# Mac, Procut CR-630, SignCut-X2



## God Father (Feb 27, 2008)

I've been trying to get my plotter to work for nearly 10 hours and I don't know what I am doing. 

I've attempted to install all the drivers that came with the Signcut - X2 software but I can't get it to work.


Can anybody give me a set by step on how to set up my mac to get this thing running? 


Edit: I'm running Mac 10.5.4 with an intel processor


----------



## kenimes (Feb 12, 2008)

You will need to download the Mac driver for the USB connection on this cutter.

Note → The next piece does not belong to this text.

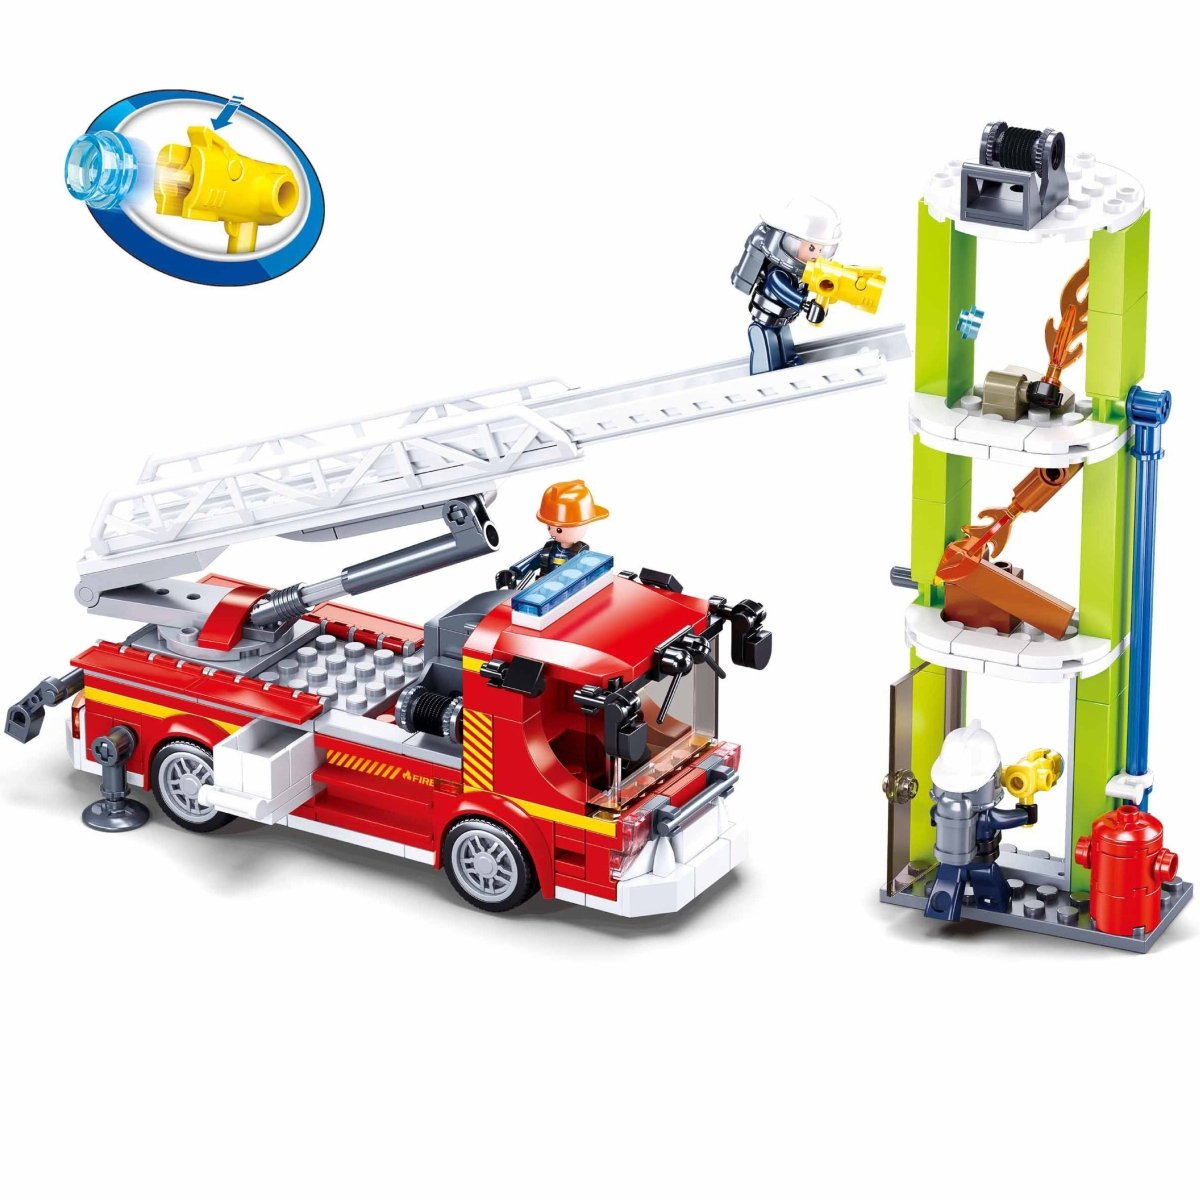 SLUBAN Building Blocks Kit for Boys and Girls - Fire Engine - M38-B0966

Here is where you can download the correct driver: Virtual COM Port Drivers
Notice that there is an Intel chipset version and a PowerPC version, so make sure you download the correct one. Once installed and with the USB cable plugged in, SignCut should list a Device selection that looks something like: /dev/cu.USBSerial00000


----------



## COEDS (Oct 4, 2006)

kenimes said:


> You will need to download the Mac driver for the USB connection on this cutter.
> 
> Here is where you can download the correct driver: Virtual COM Port Drivers
> Notice that there is an Intel chipset version and a PowerPC version, so make sure you download the correct one. Once installed and with the USB cable plugged in, SignCut should list a Device selection that looks something like: /dev/cu.USBSerial00000


Ken you are the answer man. I admire the way you help fellow members with such ease and expertise. ... JB


----------



## kenimes (Feb 12, 2008)

Well, I am still fairly green when it comes to the T-shirt industry, but if there is anything I can assist with when it comes to the equipment, I am more than happy to share my knowledge.

Thank you


----------